Data shown: Begin

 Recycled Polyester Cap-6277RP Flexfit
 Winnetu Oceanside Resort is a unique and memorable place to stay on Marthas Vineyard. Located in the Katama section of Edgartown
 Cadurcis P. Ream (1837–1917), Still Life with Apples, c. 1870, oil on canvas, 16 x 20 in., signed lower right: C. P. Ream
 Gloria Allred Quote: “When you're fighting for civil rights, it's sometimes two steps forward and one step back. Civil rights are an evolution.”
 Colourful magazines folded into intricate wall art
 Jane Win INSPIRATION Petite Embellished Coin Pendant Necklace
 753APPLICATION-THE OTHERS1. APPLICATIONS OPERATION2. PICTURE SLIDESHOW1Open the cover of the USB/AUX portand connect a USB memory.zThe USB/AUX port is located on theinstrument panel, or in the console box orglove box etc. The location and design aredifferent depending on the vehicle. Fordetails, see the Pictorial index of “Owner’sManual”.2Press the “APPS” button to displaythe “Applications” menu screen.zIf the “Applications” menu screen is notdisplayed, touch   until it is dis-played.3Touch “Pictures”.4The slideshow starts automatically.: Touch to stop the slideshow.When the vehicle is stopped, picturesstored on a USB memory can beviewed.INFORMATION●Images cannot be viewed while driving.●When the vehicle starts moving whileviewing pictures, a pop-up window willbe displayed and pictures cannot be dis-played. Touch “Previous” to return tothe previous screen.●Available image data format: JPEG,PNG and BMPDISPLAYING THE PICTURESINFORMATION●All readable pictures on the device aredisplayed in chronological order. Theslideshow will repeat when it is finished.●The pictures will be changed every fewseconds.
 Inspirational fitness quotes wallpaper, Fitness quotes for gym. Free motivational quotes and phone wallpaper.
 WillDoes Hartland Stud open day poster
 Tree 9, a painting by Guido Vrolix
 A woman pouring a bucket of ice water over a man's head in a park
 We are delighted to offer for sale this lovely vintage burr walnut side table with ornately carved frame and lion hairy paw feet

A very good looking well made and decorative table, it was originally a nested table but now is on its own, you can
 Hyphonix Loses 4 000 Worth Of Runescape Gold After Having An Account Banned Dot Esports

Data shown: End

### [Activity]
Each line holding "table" in the records should be copied out.

### [Your solution]
 We are delighted to offer for sale this lovely vintage burr walnut side table with ornately carved frame and lion hairy paw feet
A very good looking well made and decorative table, it was originally a nested table but now is on its own, you can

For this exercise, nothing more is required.